On 19 December 2011, Bhartruhari Mahtab, leader of the Biju Janata Dal party, raised up the issue of the Bhagavad Gita trial in the Indian Parliament (Lok Sabha), demanding to know what the Indian government was undertaking to protect "the religious rights of Hindus in Russia". He also called on the government to "impress [this] upon the Russian authorities through diplomatic channels". The House Speaker Meira Kumar then turned down requests for speeches on the topic and had to adjourn the session amid protests against the ban of the Gita sparked by Mahtab's statement, as angry members of the Parliament across the party lines strongly condemned the ban, shouting: "We will not tolerate an insult to Lord Krishna!" The issue was simultaneously raised in Rajya Sabha (the Upper House). This display of political unity surprised the media and prompted a Rajya Sabha member to call the 19 December parliamentary session "a golden day in our history when all differences were deleted to express solidarity for Gita, the book of India".

On 20 December, Sushma Swaraj, leader of the largest opposition party BJP demanded that the Indian government declare the Bhagavad Gita a "national book". Her move seconded by a BJP member of Rajya Sabha, Tarun Vijay, who asked rhetorically "Can sun be banned, Himalayas be banned ...?" Members across party lines voiced their support. Deputy Chairman of the Rajya Sabha K. Rahman Khan, member of the Indian National Congress, said "the entire house agrees with this and joins in condemning this".

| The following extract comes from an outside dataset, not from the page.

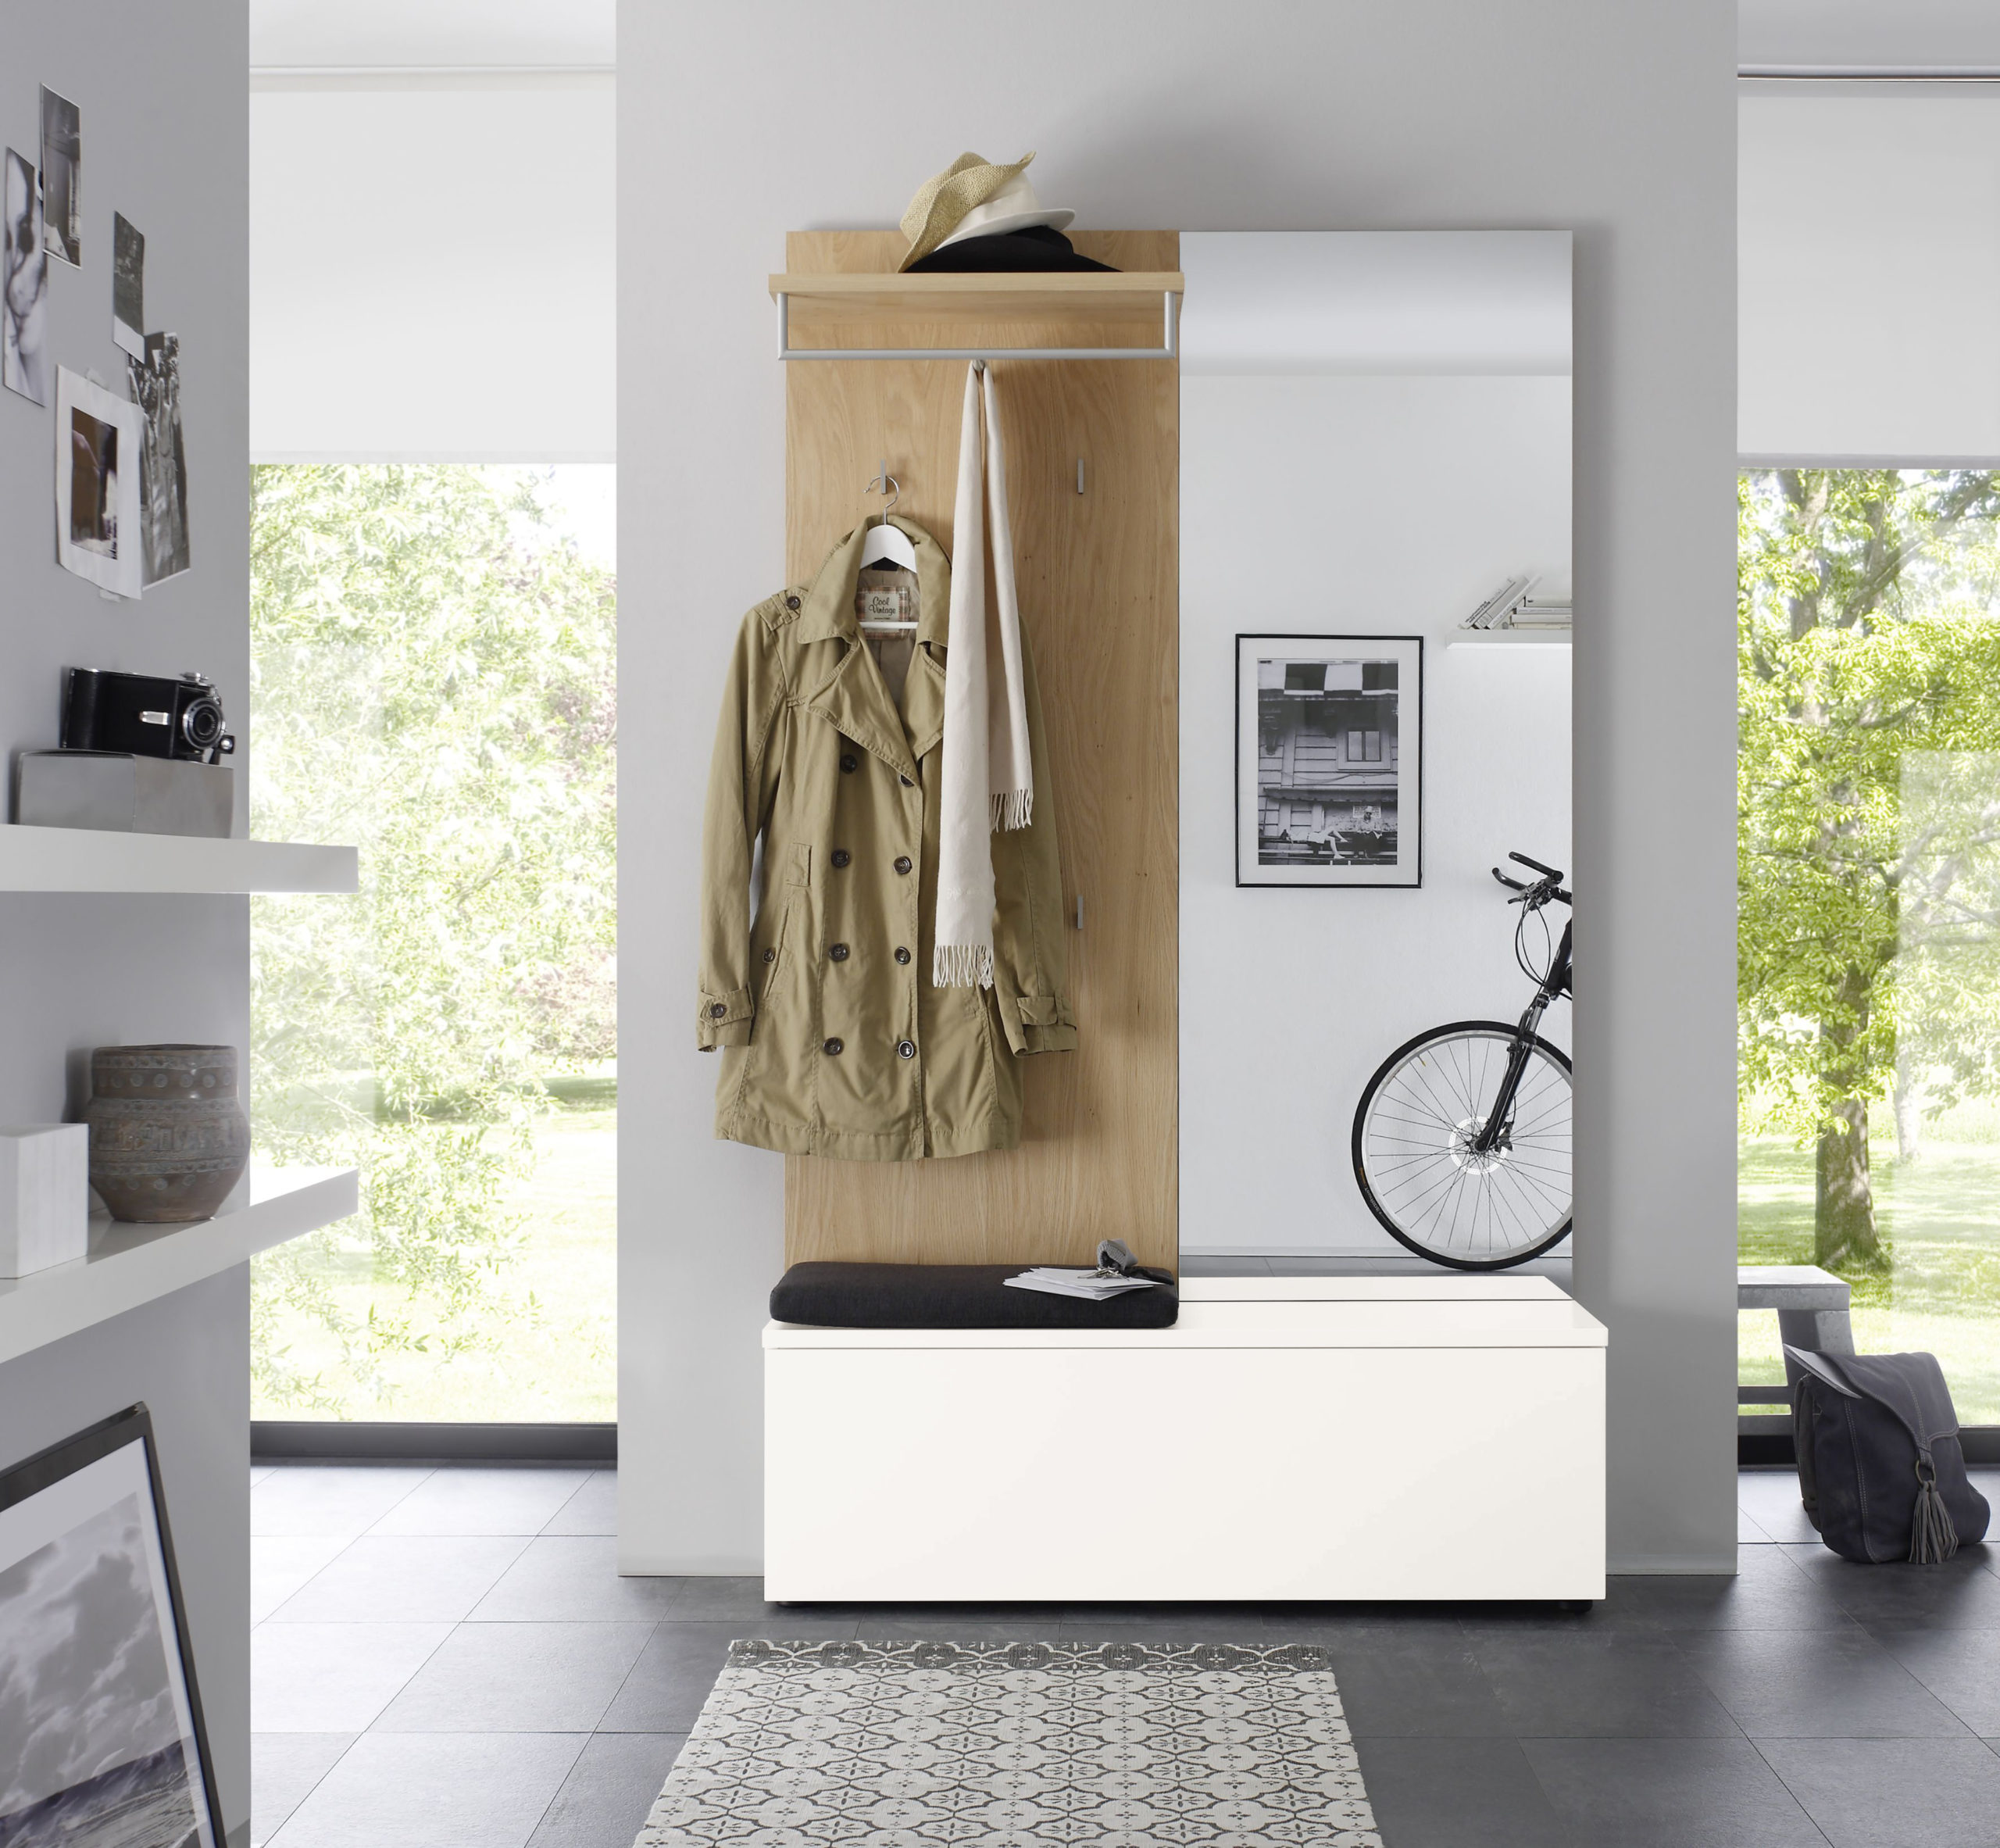 Sudbrock TANDO Garderobe in der Ausführung Ethno Eiche, Lack verkehrsweiß #420

On 21 December, a Bharatiya Janata Party delegation led by the party's foreign affairs chief Vijay Jolly met with the Deputy Chief of the Russian Mission in Delhi Denis Alipov to express the party's "pain and anguish" at the Bhagavad Gita trial and demand that "suitable measures" be taken by the Russian government to immediately dismiss the court case as baseless. Jolly also expressed surprise that the Russian government allowed the trial to continue for over half a year despite the fact that "India–Russia relations is of paramount importance to both countries". The delegation also sent through the Russian embassy a copy of the Bhagavad Gita to President of Russia Dmitry Medvedev along with a letter, in which the BJP delegation stressed to the Russian President that the Gita is a book of "sublime thoughts" that "preaches self discipline ... promotes spiritualism and teaches to the mankind the need to fulfill responsibility towards worldly duties".

====Government====
According to officials of the Prime Minister of India's office, "[t]his matter is receiving the highest attention and the Indian embassy officials in Moscow have been instructed to follow up the case with the Russian authorities", in order to either have the case withdrawn by the state or resolved. Minister of State for Parliamentary Affairs Rajeev Shukla said that the Indian authorities are "apprising the Russian government" on the issue. However, members of the Parliament accused the Indian government of inaction. They said that on 1 November, ISKCON informed Prime Minister Manmohan Singh's principal secretary Pulok Chatterji of the impending court case, urging the government to use "some high-level ministerial visits" to Moscow, prior to the Prime Minister's own visit 15–17 December, to protect the scripture from legal action. The letter, written by ISKCON's Governing Body Commissioner Gopala Krishna Goswami, cited the assessment as stating that "Krishna is evil and not compatible with Christian views". Despite the advance notice, which was also sent to the United Progressive Alliance (UPA) chairperson Sonia Gandhi, Commerce and Industry Minister Anand Sharma, and the External Affairs Minister S. M. Krishna, the issue was not discussed with the Russian government during the following six official visits of Indian ministers and top officials to Moscow. Officials who were part of the delegation accompanying the Prime Minister confirmed receipt of the letter to the Indo-Asian News Service.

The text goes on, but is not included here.